Google's Antitrust Battle: The High-Stakes Implications for the Internet Search Giant

Google is set to go to court in a high-stakes legal showdown with government officials, accused of antitrust violations in its massive search business. This trial, beginning this week in Washington, marks the culmination of two ongoing lawsuits against Google, initiated during the Trump administration, and is regarded as the country's most significant monopolization case since the government's actions against Microsoft in the 1990s.

Both the Justice Department and numerous states alleged in 2020 that Google was abusing its dominance in online search by striking deals with wireless carriers and smartphone manufacturers, making Google Search the default or exclusive option on products used by millions of consumers. These complaints were eventually consolidated into a single case.

Google has consistently argued that it competes fairly, with consumers choosing its tools based on their quality rather than any illegal restrictions on competition. Google's search business contributes over half of its parent company Alphabet's $283 billion in revenue and $76 billion in net income recorded in 2022, driving the company's market capitalization to over $1.7 trillion.

The upcoming multi-week trial could have a significant impact on how Google distributes its search engine. It is expected to feature testimony from notable witnesses, including former Google and Samsung employees and Apple executives, including senior vice president Eddy Cue. This case is the first in a series of legal challenges aimed at addressing Google's extensive economic power and will test the courts' willingness to regulate large tech platforms.

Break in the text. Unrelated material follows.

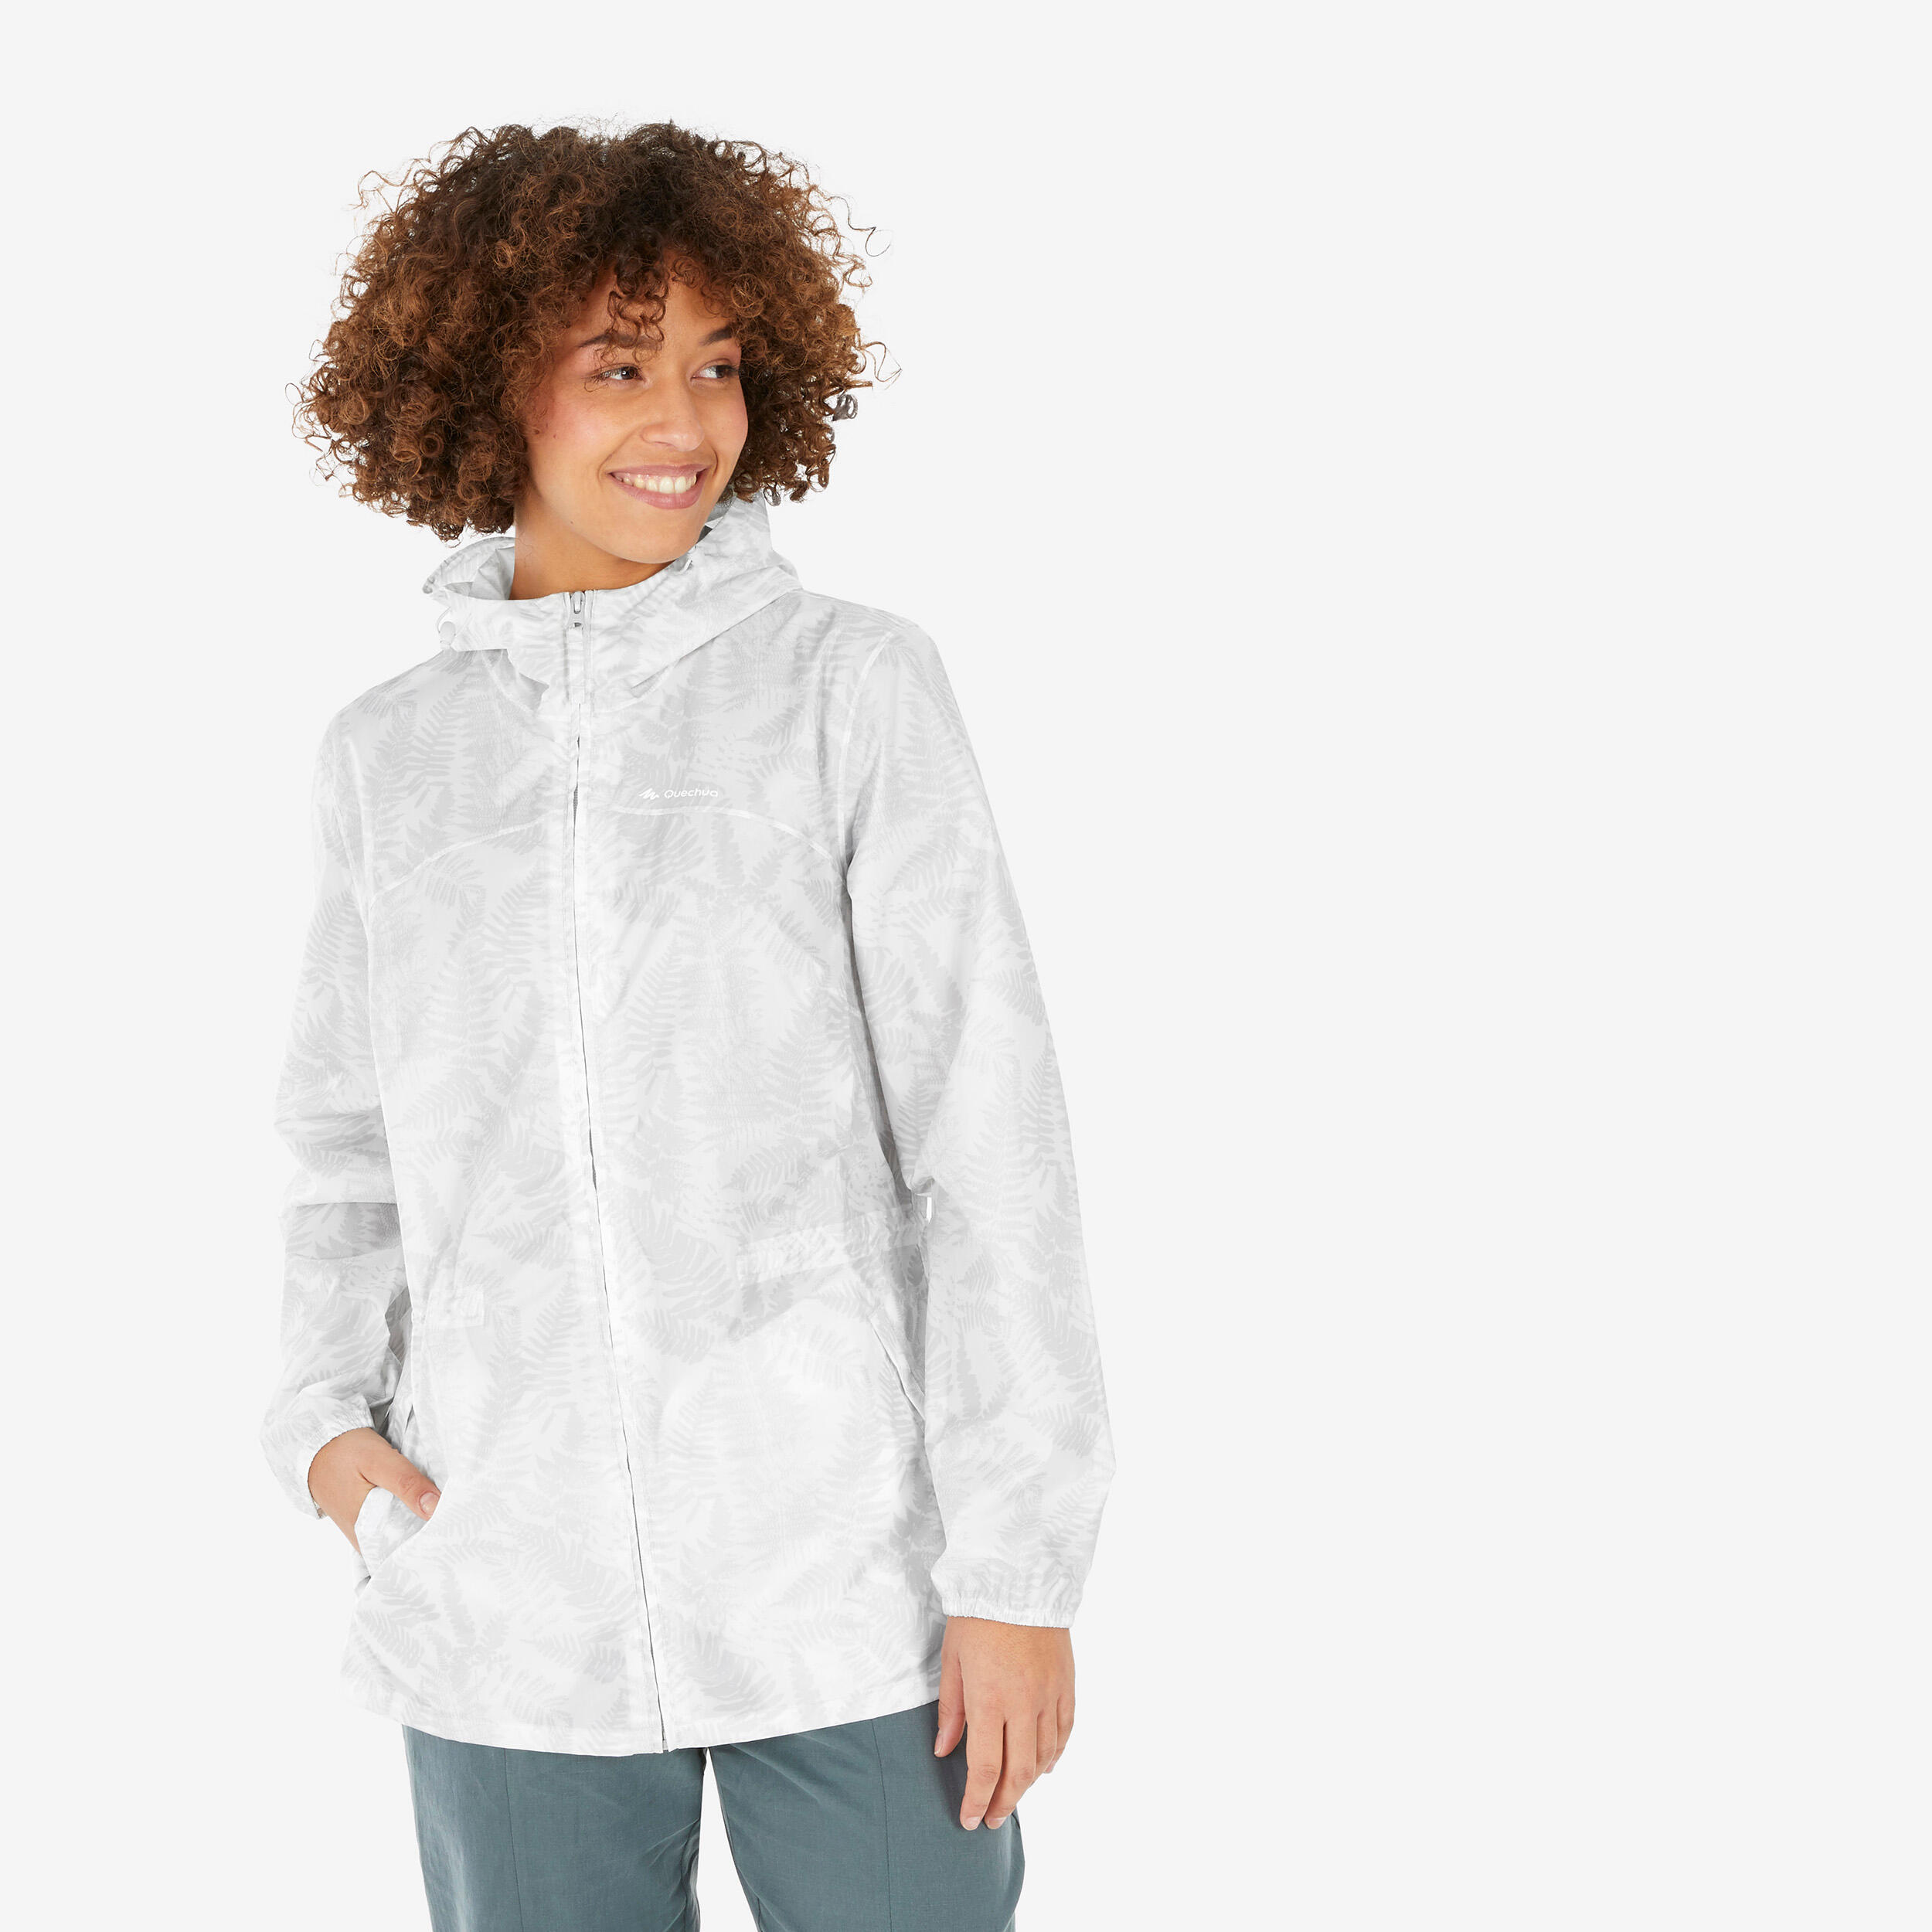 Tribord black mens waterproof windproof jacket decathlon creation size XS  (0603) | eBay

Kent Walker, Google's President of Global Affairs, characterized the case as a "backward-looking" one at a time when innovation is unprecedented. He emphasized that people choose to use Google because they want to, not because they are forced to. He also pointed out that changing one's default search engine is now effortless, contrasting with the era of dial-up internet and CD-ROMs.

The initial complaint by the US government alleged that Google paid billions of dollars annually to device manufacturers and browser developers to secure its position as the default search engine and, in many cases, prevent them from partnering with Google's competitors. As a result, the complaint claimed that Google effectively controlled approximately 80% of general search queries in the United States.

The lawsuit also asserted that Google's Android operating system agreements with device manufacturers were anticompetitive because they mandated the pre-installation of Google-owned apps, such as Gmail, Chrome, or Maps.

While some allegations were dismissed by the judge overseeing the case, Judge Amit Mehta, the trial remains a significant step in challenging Google's dominance. Mehta noted that Google's position as the default search engine on multiple browsers is a contentious issue that the trial will examine in terms of its market reality.

Furthermore, the Biden administration initiated another antitrust suit against Google in January, targeting the company's advertising technology business, alleging it maintained an illegal monopoly. This case is still in its early stages in a separate court.